An investor conference call with the Lithuania debt management office on Monday shed little light on the situation, said a banker on the deal. "Nothing seems to have changed since the roadshow two weeks ago — the issuer and investors are just waiting to see what happens," said the potential bookrunner. The implication seems to be the deal will be shelved until the autumn unless Lithuania’s CDS tightens.

In the near term, the potential for the spreads on emerging bonds to tighten may be constrained by a stream of new issuance from Western sovereigns. Nevertheless, with plenty of cash stockpiled after systemic de-leveraging last year, asset prices in emerging markets will be supported in market dips as investors rush for opportune exposure, say analysts. But many believe the breakneck speed of the re-pricing of emerging market bonds during the rally is not sustainable.

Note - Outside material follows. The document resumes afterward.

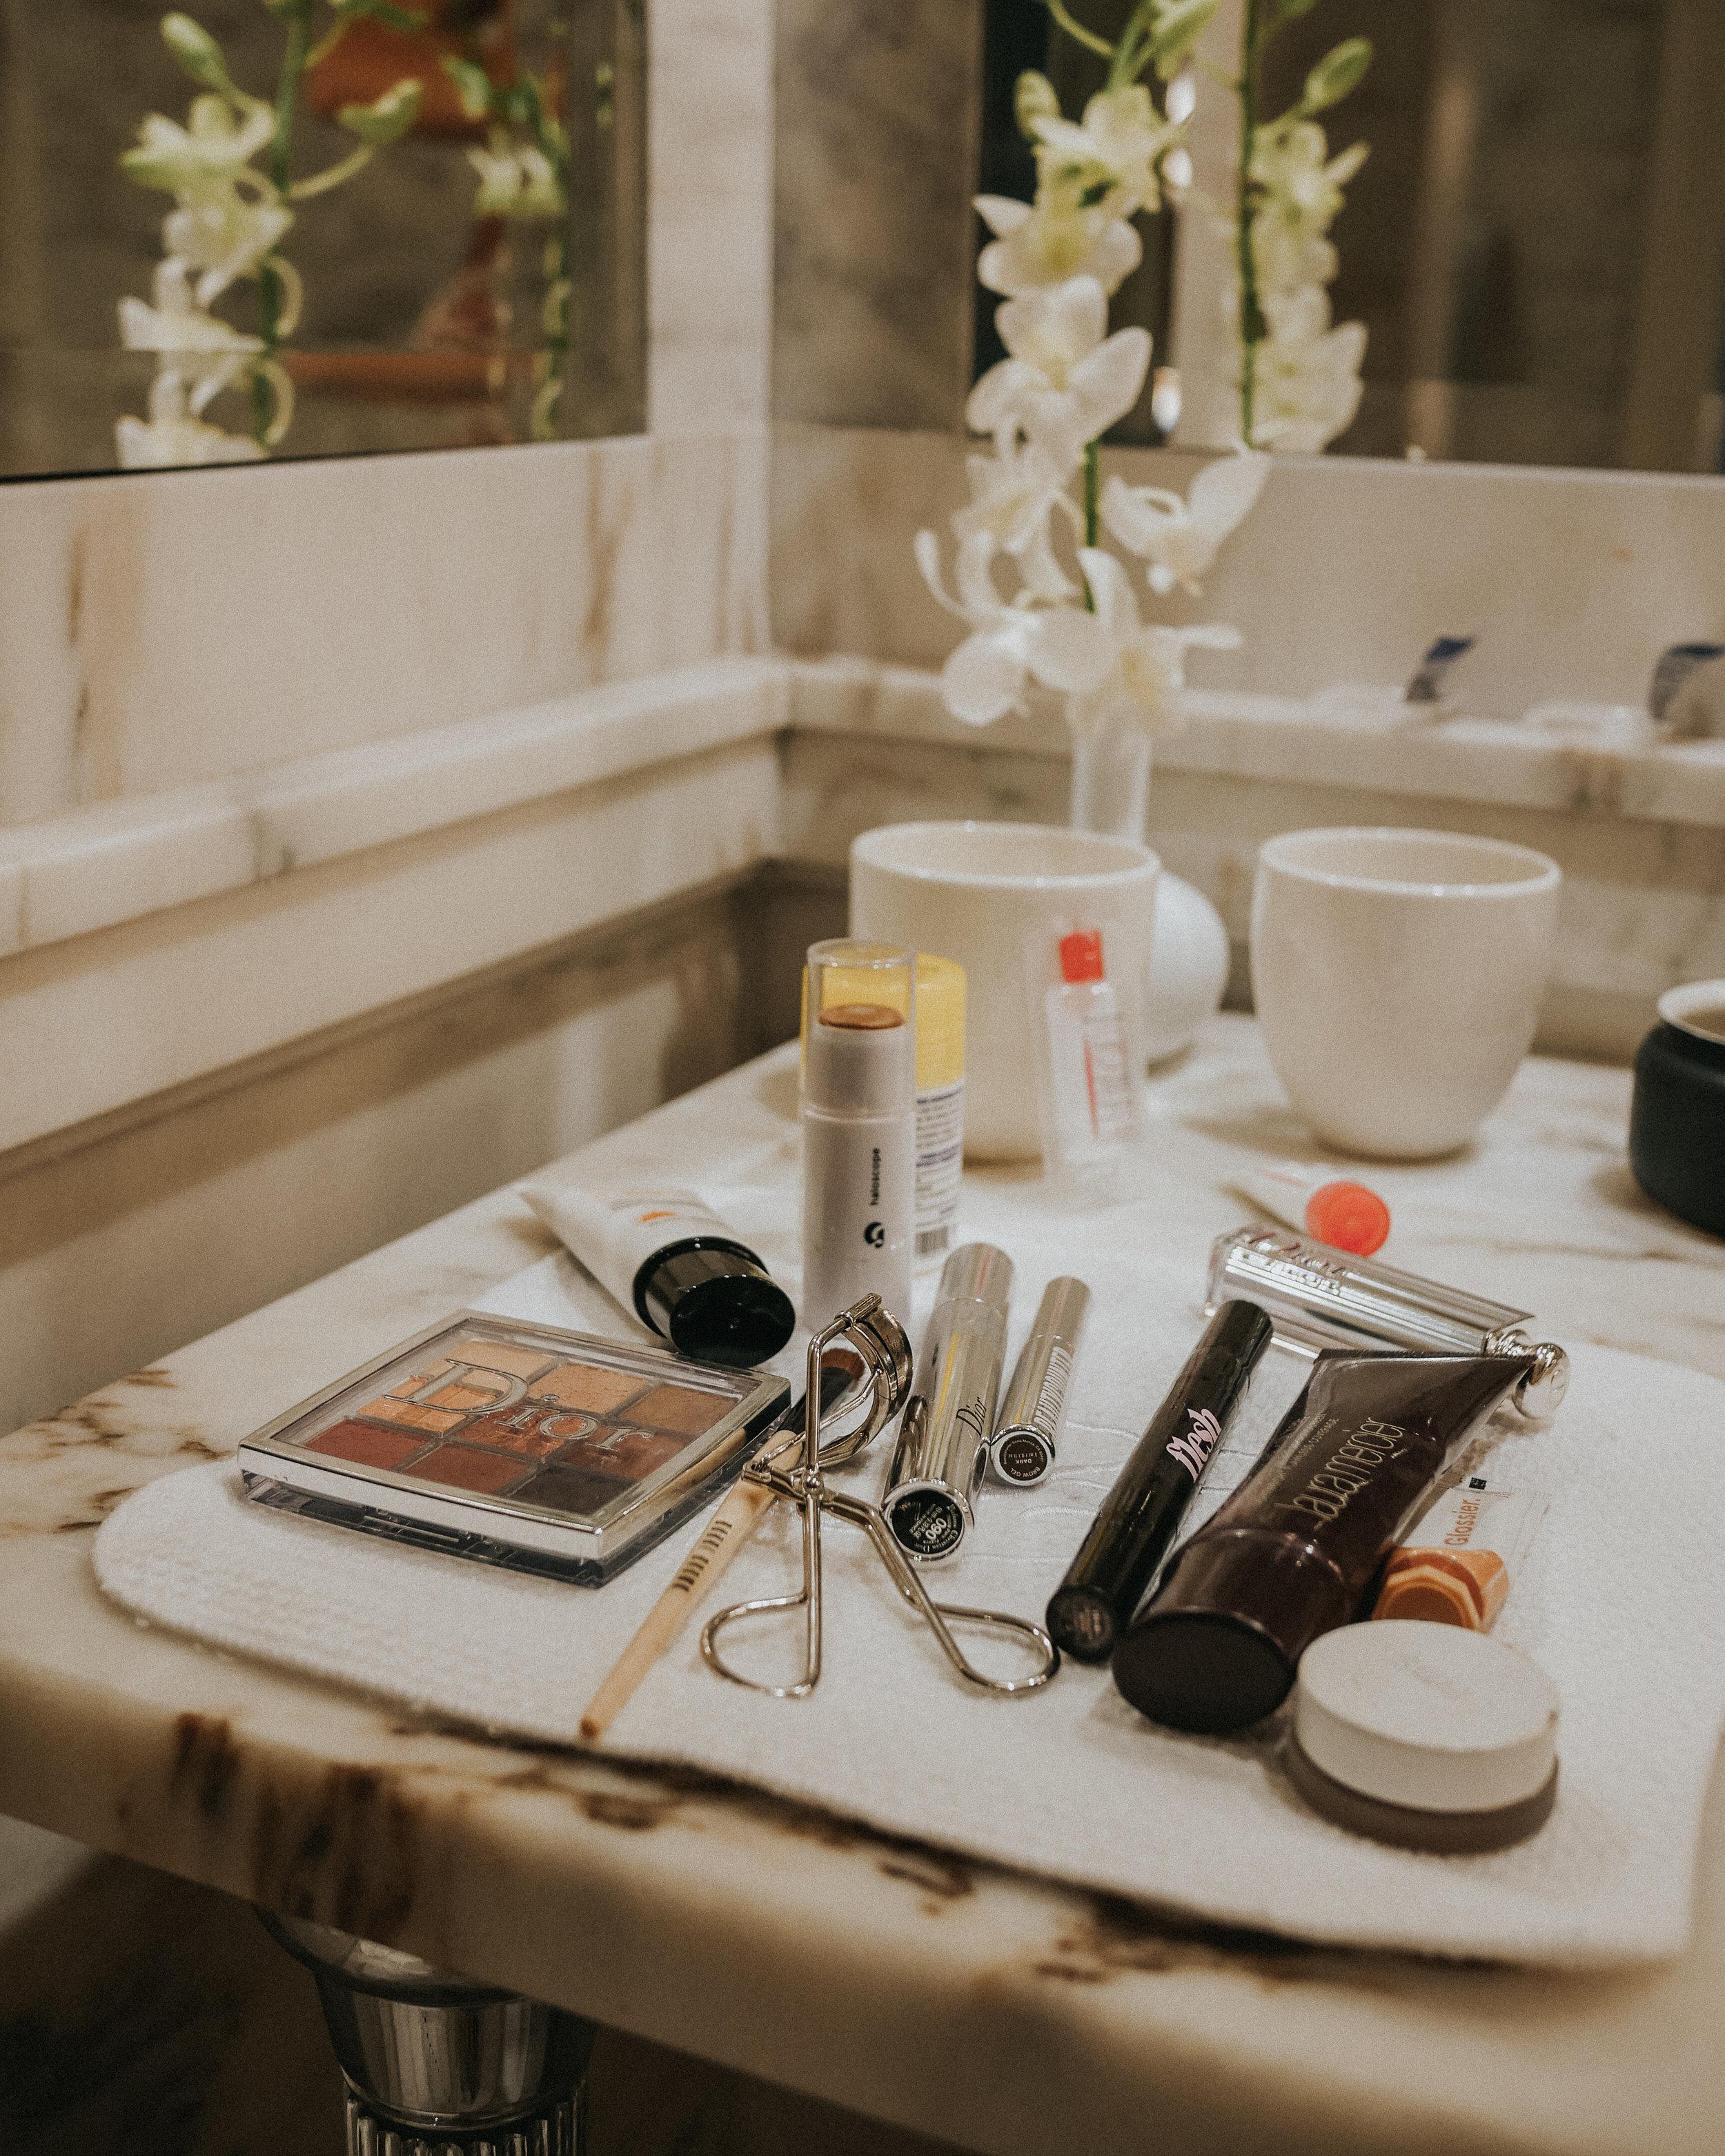 Essentials only!  Dior Backstage Eyeshadow Palette, Belif Sunscreen, Glossier Haloscope, Flesh concealer, Laura Mercier Tinted Moisturizer, RMS Beauty Bronzer, Dior Snow Lipstick, Glossier Cloud Paint in Haze.

"We expect somewhat less benign primary market conditions than those seen in April-May," said Dmitry Sentchoukov, EM credit analyst at Commerzbank. He said the pace of spread compression — "a necessary condition for above-average new issuance" — is unlikely to continue during the year. This matters because, from historical experience, "the spread direction is more important than the spread level," he says.

In 2007, during six months when the EMBIG spread tightened, the average volume of new issuance was 2.2 times higher than the average month when spreads widened. "In 2008, the multiple increased to 4.0," said Sentchoukov.

- On Wednesday, Standard & Poor’s cut its ratings for the Brazilian oil giant, Petrobras, from BBB to BBB- citing its heavy debt load and ambitious expansion plans in the face of the global downturn.

The price-sensitive borrower has a $174.4bn investment programme. Yesterday, its 7.875% 2019s had traded by 12bp in response to the downgrade.

But RBC Capital Markets was bullish in a research note to clients yesterday. "Petrobras has secured financing for the next two to three years from BNDES (bond issuance and loans from China), which has strengthened the company’s financial position."